Understanding of the Linux file system (two)

In the previous section, we have basically learned the general attributes of files. This section mainly introduces the structure of VFS: The structure of VFS mainly includes the representation of files and file system
files: inode is the kernel choice to represent file content and related metadata The method abstracts the access to the underlying file system:
1: Inode operation, creating links, renaming files, generating new files in the directory, and deleting files
2: File operations, which mainly affect the data content of files. File read and write operations and create memory map.

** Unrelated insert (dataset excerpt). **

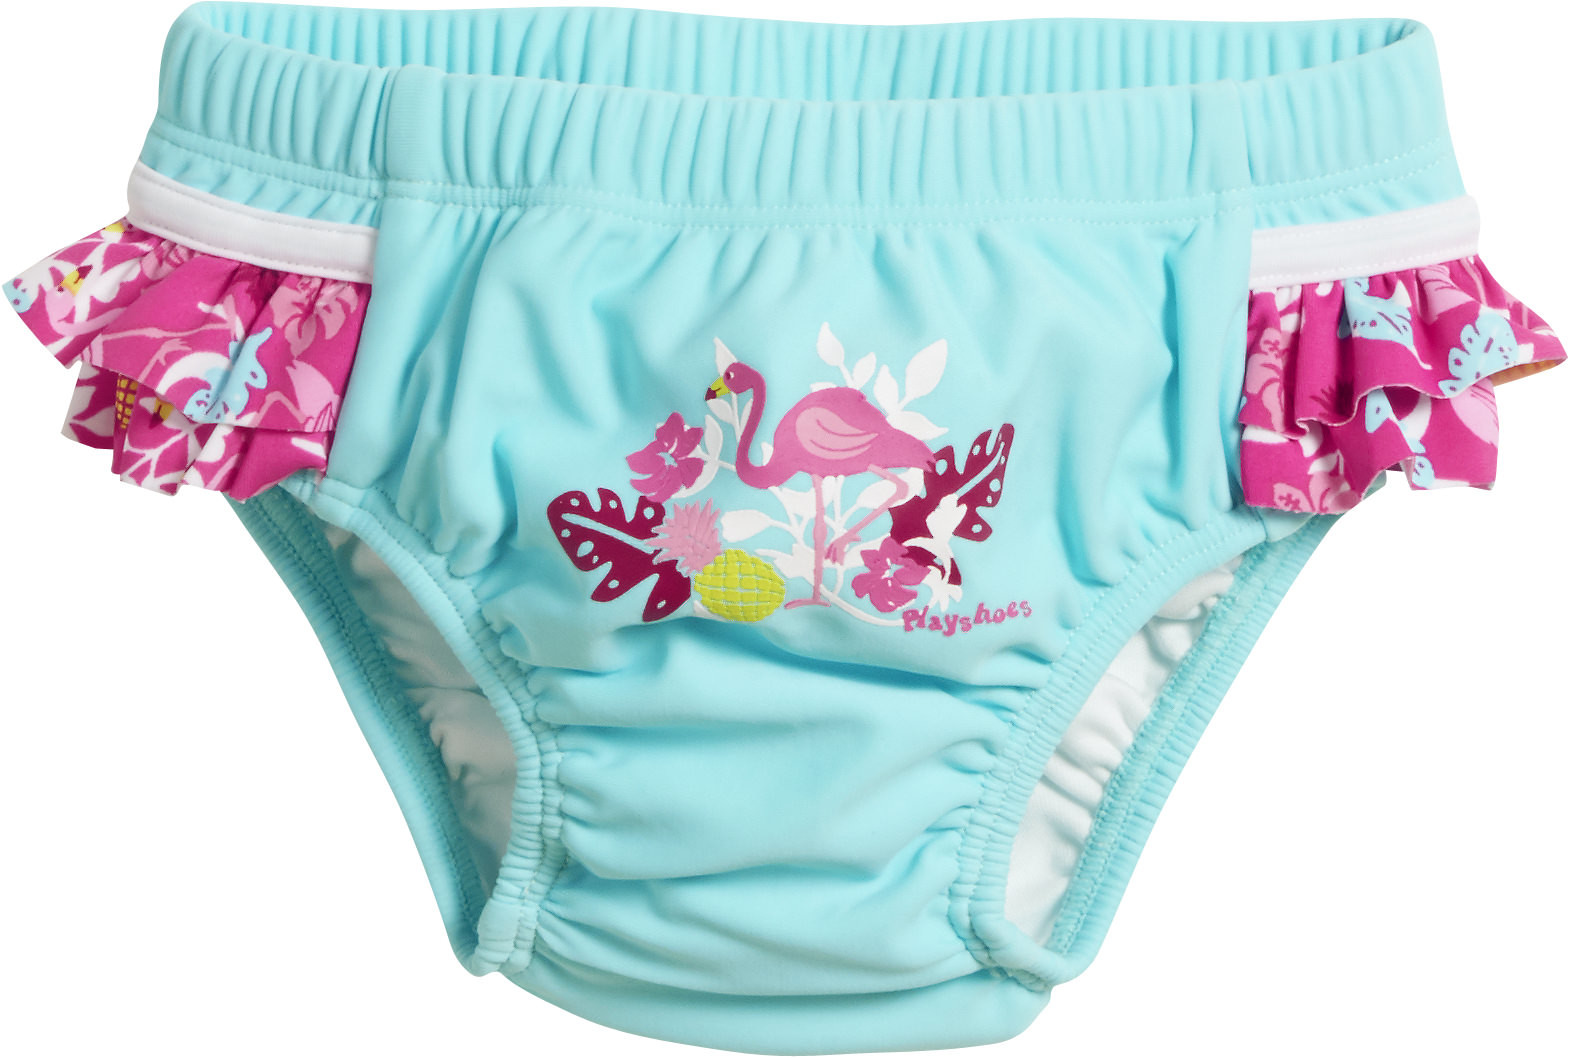 Playshoes - UV swim nappy for girls - Reusable - Flamingo - Aqua/pink

The operation of the corresponding inode can provide information about the file system characteristics and current status. Open files are always allocated to a specific process, so the kernel must store the association between the file and the process in the data structure, and use the file descriptor as an index when accessing.
File system and super block information:
Super block structure: store file system related information, for disk file systems, this object usually corresponds to a file system control block on the disk, including all modified inodes in the related file system .
The inode data structure contains the attributes of each file operation, such as: i_size represents the length of the file; i_block represents the length of the file according to the block, each VFS inode has a unique identifier stored in i_ino, i_count is a record process accessing the structure The number, i_nlink is the number of hardware links.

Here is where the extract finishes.